INFORMATION SUPPLIED ::
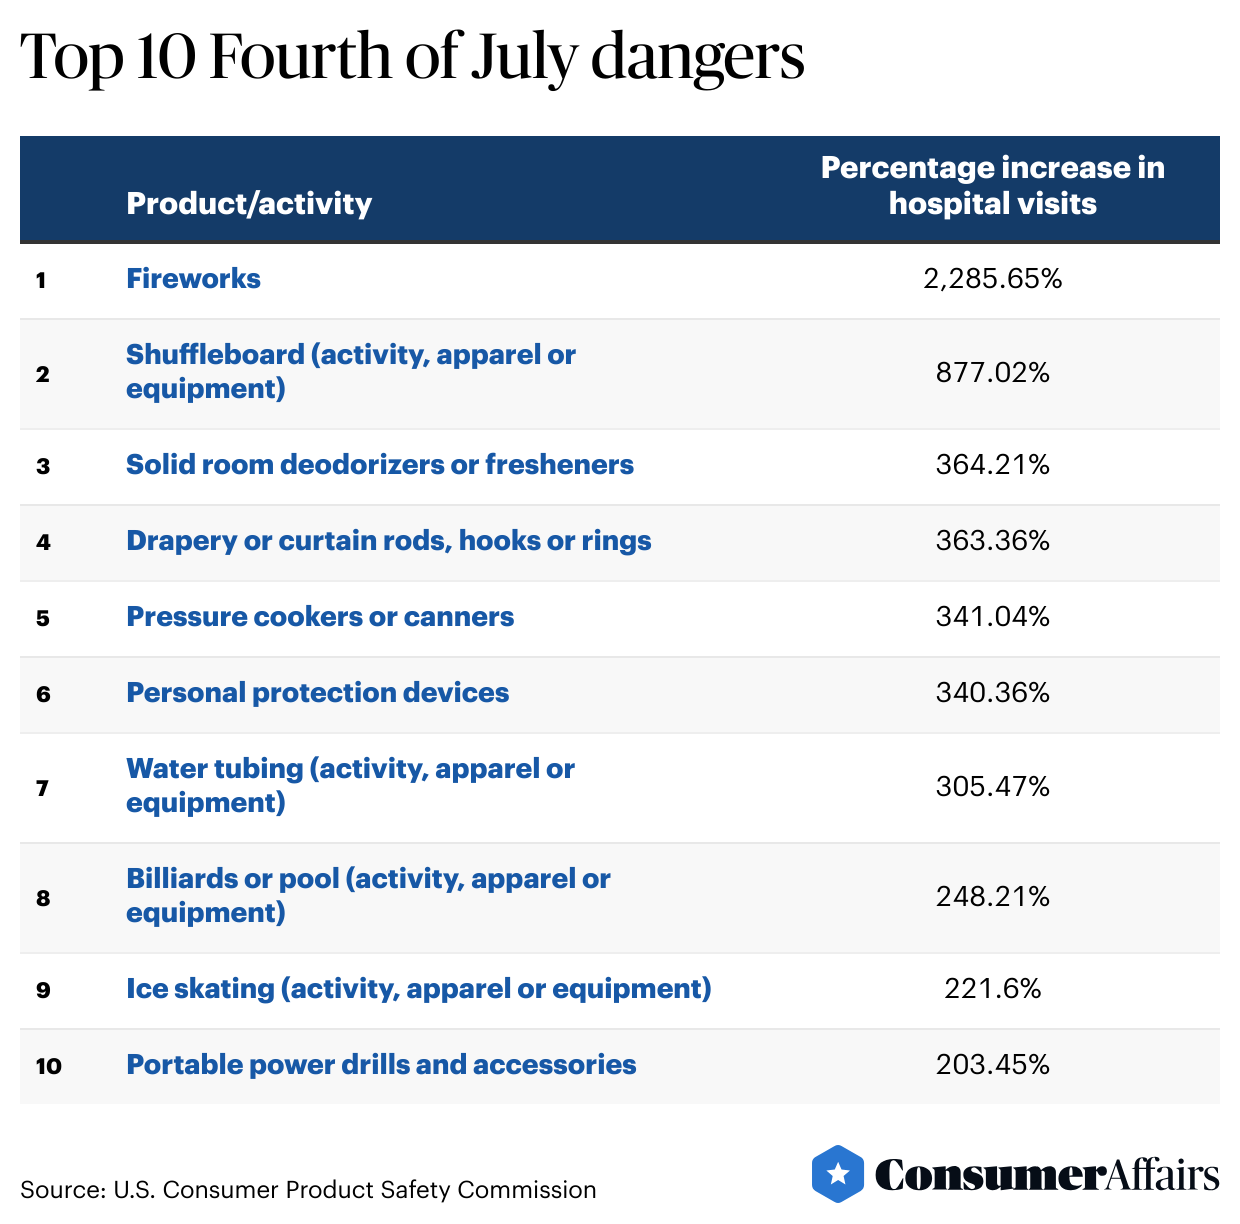 Table listing the product/activity and hospital visit percentages for the “Top 10 Fourth of July dangers”.
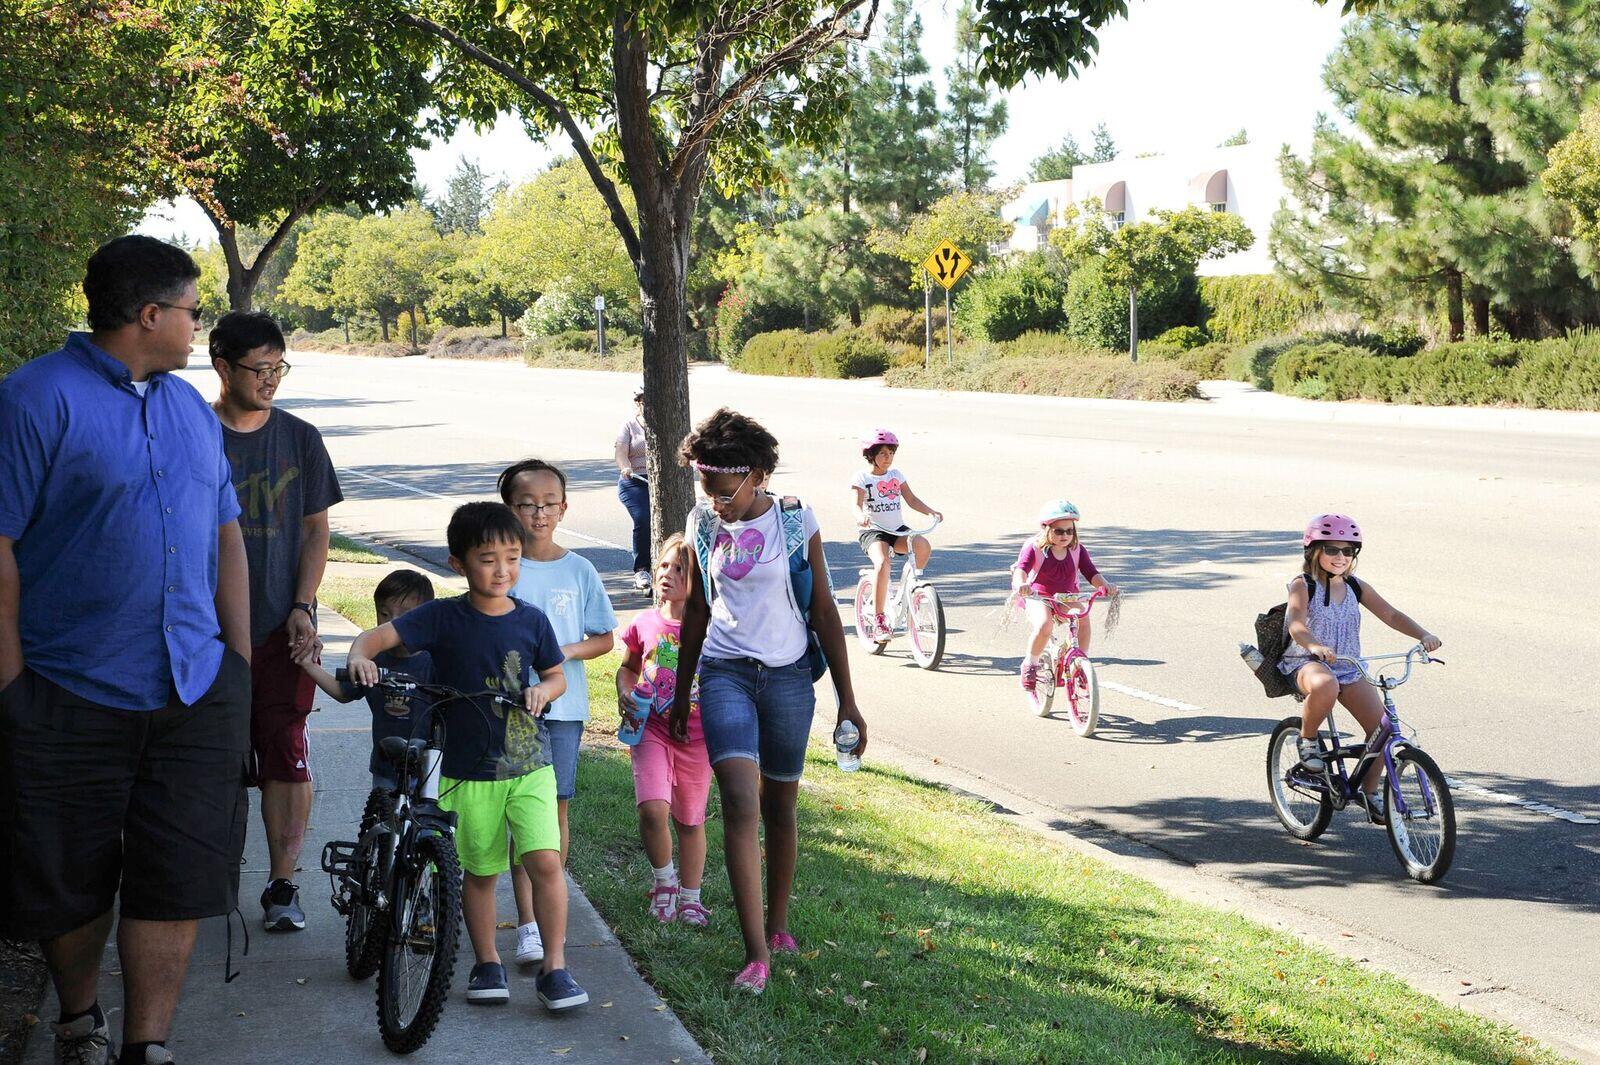 Children and parents walk and bike to school, with some on the sidewalk and others on the road.
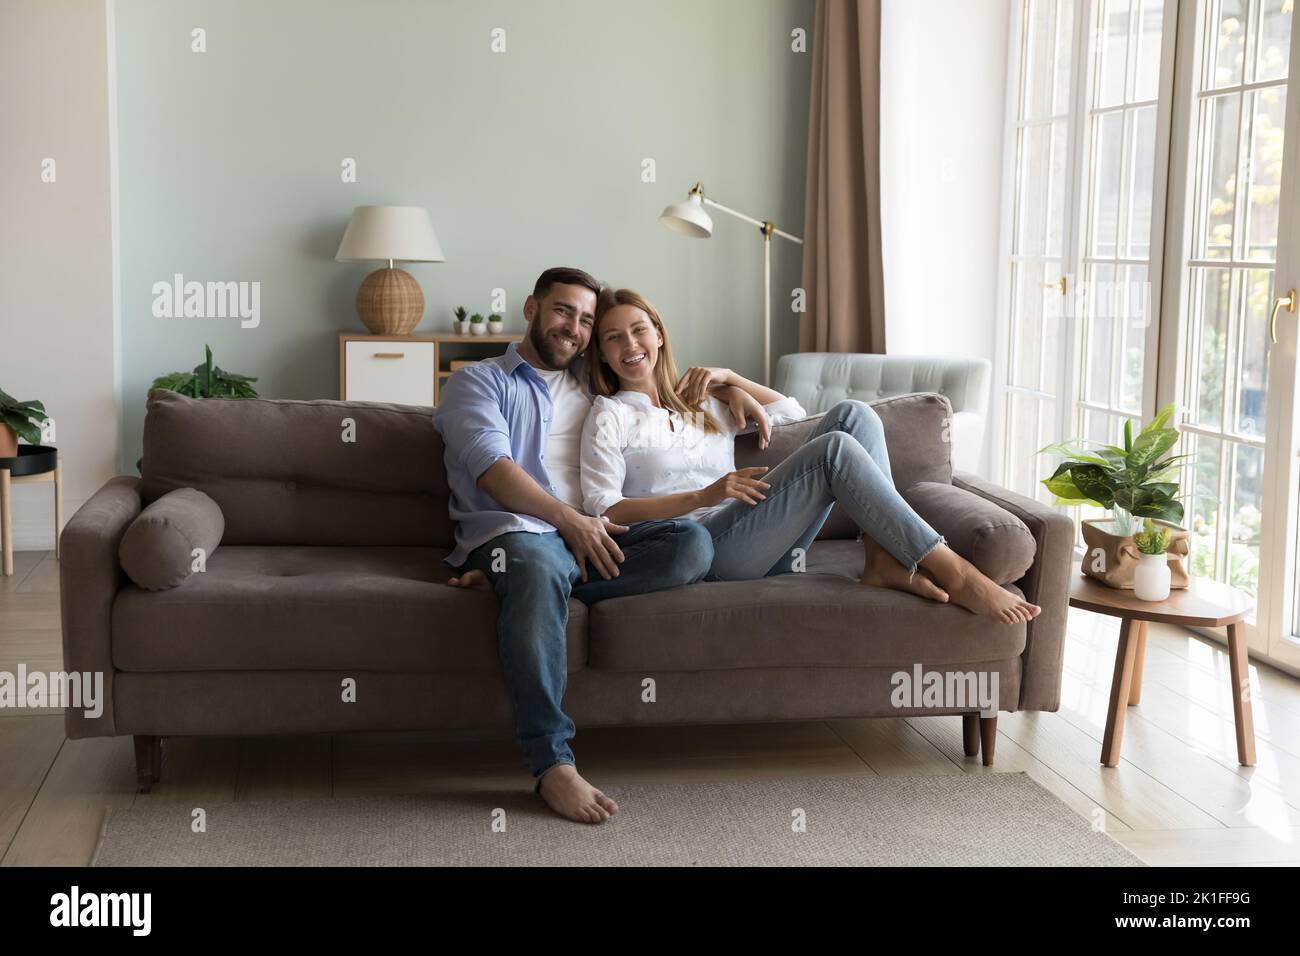 Happy young millennial couple of homeowners resting on comfortable sofa Stock Photo

ASSIGNMENT ::
With the images removed, write out all of the material above exactly.

SOLUTION ::
 Table listing the product/activity and hospital visit percentages for the “Top 10 Fourth of July dangers”.
 Children and parents walk and bike to school, with some on the sidewalk and others on the road.
 Happy young millennial couple of homeowners resting on comfortable sofa Stock Photo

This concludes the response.